Dilana had already pondered the riddle of why he had never been promoted to reeve, then found that he had only applied once. He could have been afraid to try again, not wanting to be turned down—but she thought it more likely that he wanted to work directly with the people of a single village, not order fifty other magistrates, only seeing the actual people he governed when they appealed a legal case to him.
She was becoming impossibly fond of the man. Why couldn’t he see it!
“That two sisters should be ready to tear each other apart over a single cow their father left, the one thing of all his belongings that he didn’t will to one or the other!” Gorlin shook his head with sorrow approaching grief. “It makes me glad magistrates can’t own their own houses or furniture, and not much else but the clothes on our backs and the money we’ve saved!”
“It’s certainly not what their father could have wanted,” Dilana agreed. “Of course, I suppose he could have been one of the cruel ones who delights in causing trouble, one of the few who die cackling with delight over the way people will fight over their estates.”
Gorlin shook his head again. “From all I hear about him, he was a good man who prided himself on providing for his wife and children. What could have set them against each other so?”

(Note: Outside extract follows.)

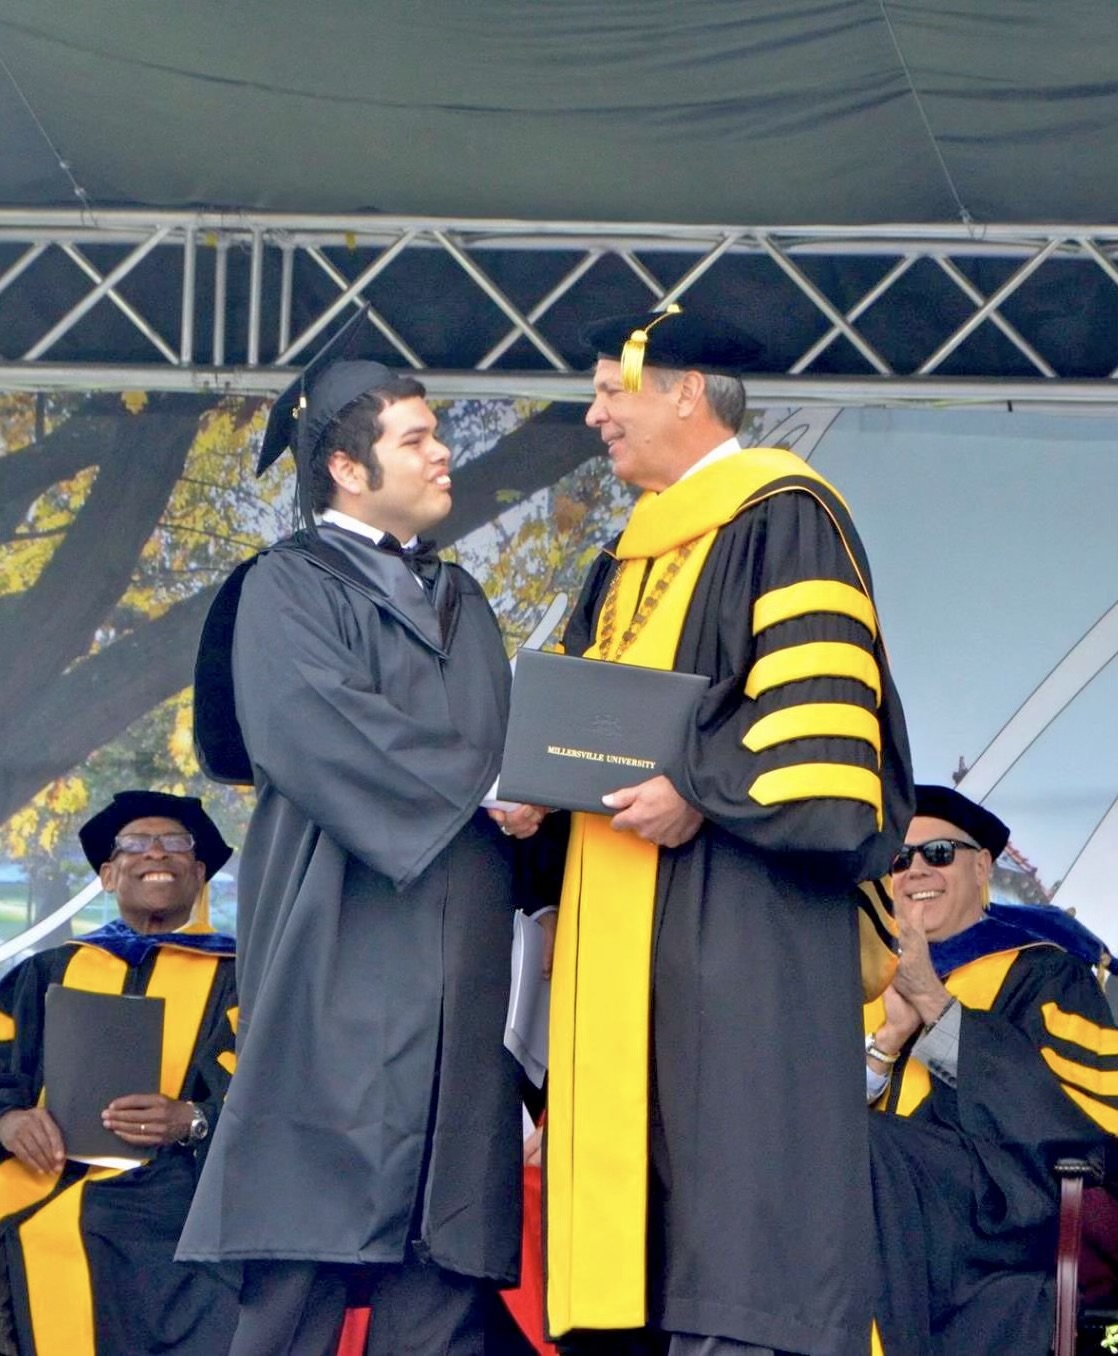 A student wearing black graduation regalia accepts his diploma while shaking hands with a university faculty member.

“I have found,” Dilana said slowly, “that when such quarrels grow so tall, their roots are deep in the past.”
Gorlin looked up in surprise. “What an insight! But what manner of roots could they be?”
“Jealousy,” Dilana said, “and envy.” She remembered her own childhood and shivered. “He might have favored the one over the other, so that the first grew steadily prouder of his regard and more jealous in not wanting to share it, while the worm of envy bored deeper and deeper into the other’s heart.” In her own case, she now knew, that worm had bred the delusion that she wasn’t her father’s daughter at all, but the cuckoochild of a distant prince.
Gorlin nodded, his eyes glowing. “Of course that would explain the bitterness within them! The first is trying to hold on to everything of her father’s that she can, thinking them to be signs of his love, while the other is frantically trying to grasp whatever last shreds of him she may!”